Tuesday, December 25, 2012

Pope Bites Dog!

After his speech Pope Benedict taped the latest episode of Pontiffs & Tiaras
On Friday, December 21, a wrinkly, delusional white man delivered a speech in which he tried to stem the tide of history with arguments based on fear and the kind of warped logic usually used by 10-year-olds to settle playground disputes. Oh, and some guy from the NRA had something to say, too.

Yes, Pope Benedict will be in an ugly papal sulk for a while because his state of the Catholic nation speech was kicked to the back pages by Wayne LaPierre's star turn for the NRA in Washington. The pope's speech was essentially a call to arms against gay marriage. Now, the Pope speaking out against gay marriage is just about as predictable as, say, the head of the NRA standing firm against proposals for gun control. As any politician would put it, they're simply appealing to their base. What was fascinating about the Pope's broadside was that he indicated an interest in cooperating with other faiths in the campaign against gay marriage. Really? And thus we get an object lesson in how the reactionary mind works in the endgame phase of a shift in a society's mores: resort to hysteria and ally yourself with anyone or anything that will buttress your cause.
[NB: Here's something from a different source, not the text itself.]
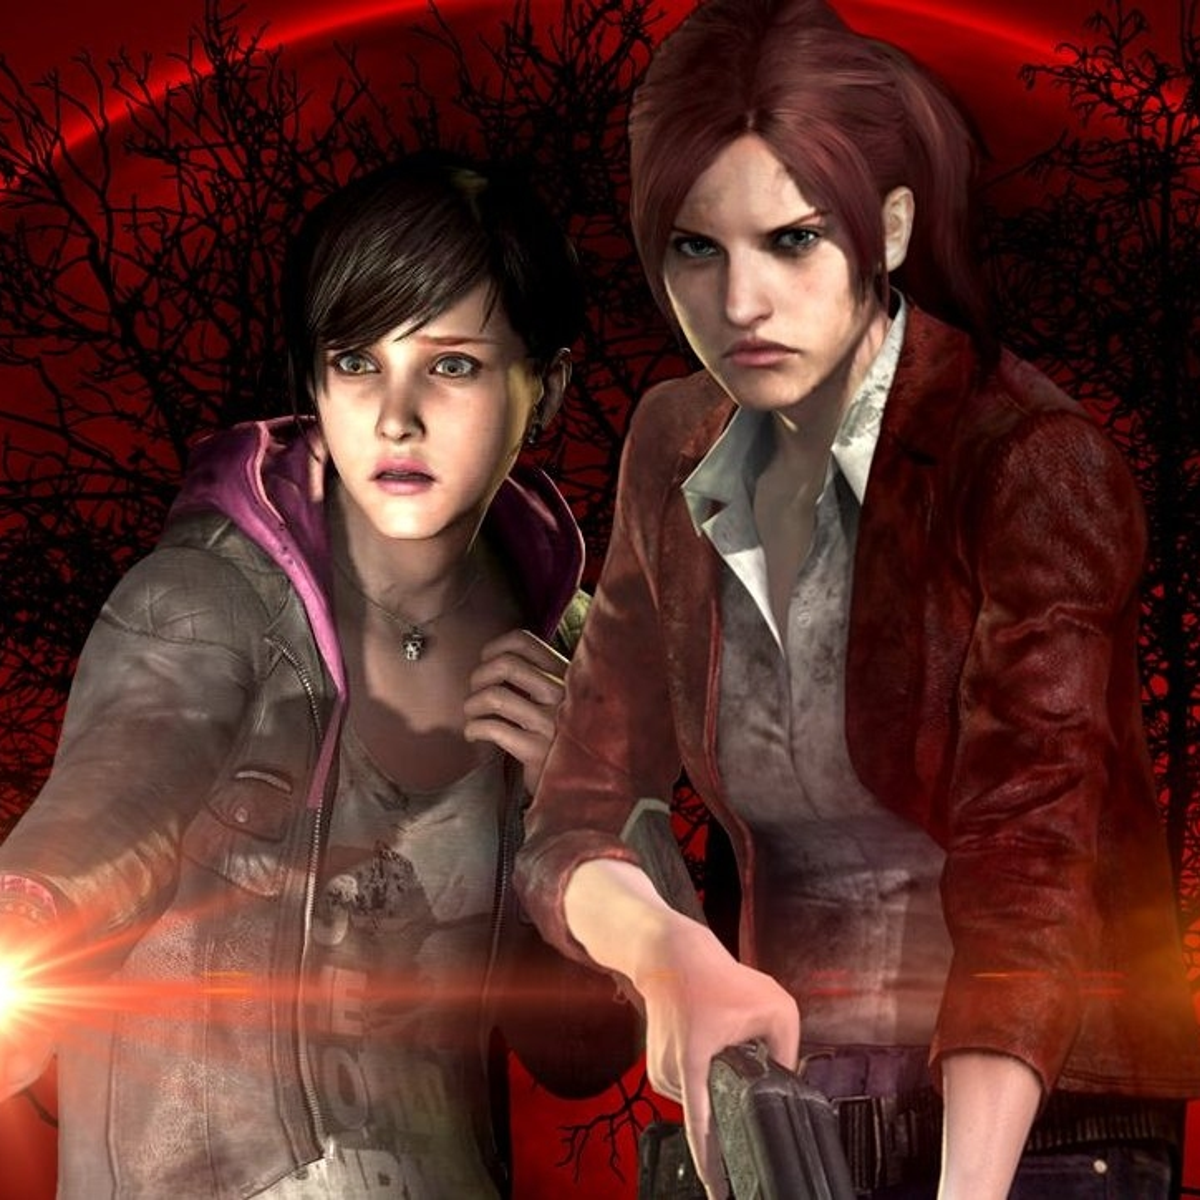 Get To Know Resident Evil Revelations 2's Claire And Moira - Game

The logic of monotheism dictates that the pope should be devoting his energies to either converting or castigating those of other faiths. At the very least you'd think he'd be more interested in battling secularism and atheism. But the papacy hasn't been up for a big challenge since the Crusades, and so they've reached a point where the dragon they've chosen to slay is a subset of a very small minority group. The fact that Benedict is willing to ally with other religions is the smoking gun proof of his hysteria and the bankruptcy of his ideas. His medieval predecessors would have roasted him on a spit for the heresy of cooperating with rabbis and mullahs. They might also have taken him aside and told him, sotto voce, that gay men and women should be directed towards a life in the Church, which is where families often sent children who seemed a bit different from the rest.

This kind of hysterical tilting at windmills often occurs when an elitist, hermetically-isolated institution begins to feel the winds of change. The USSR waged a low grade war against the intrusion of Western pop music in the 1970s; the Tea Party is the Republican Party's bug-eyed reaction to a non-white president; China got completely draconian when faced with the Falun Gong, a tepid quasi-religion; and the imprisonment of Pussy Riot shows how tight-assed Putin's Russia is when faced with the slightest criticism. It would seem that the more a regime realizes that it doesn't have a legitimate claim to power, or is due to exit stage right from the stage of history, the more likely it is to become a terrified bully, seeing dangerous mountains where there are only molehills.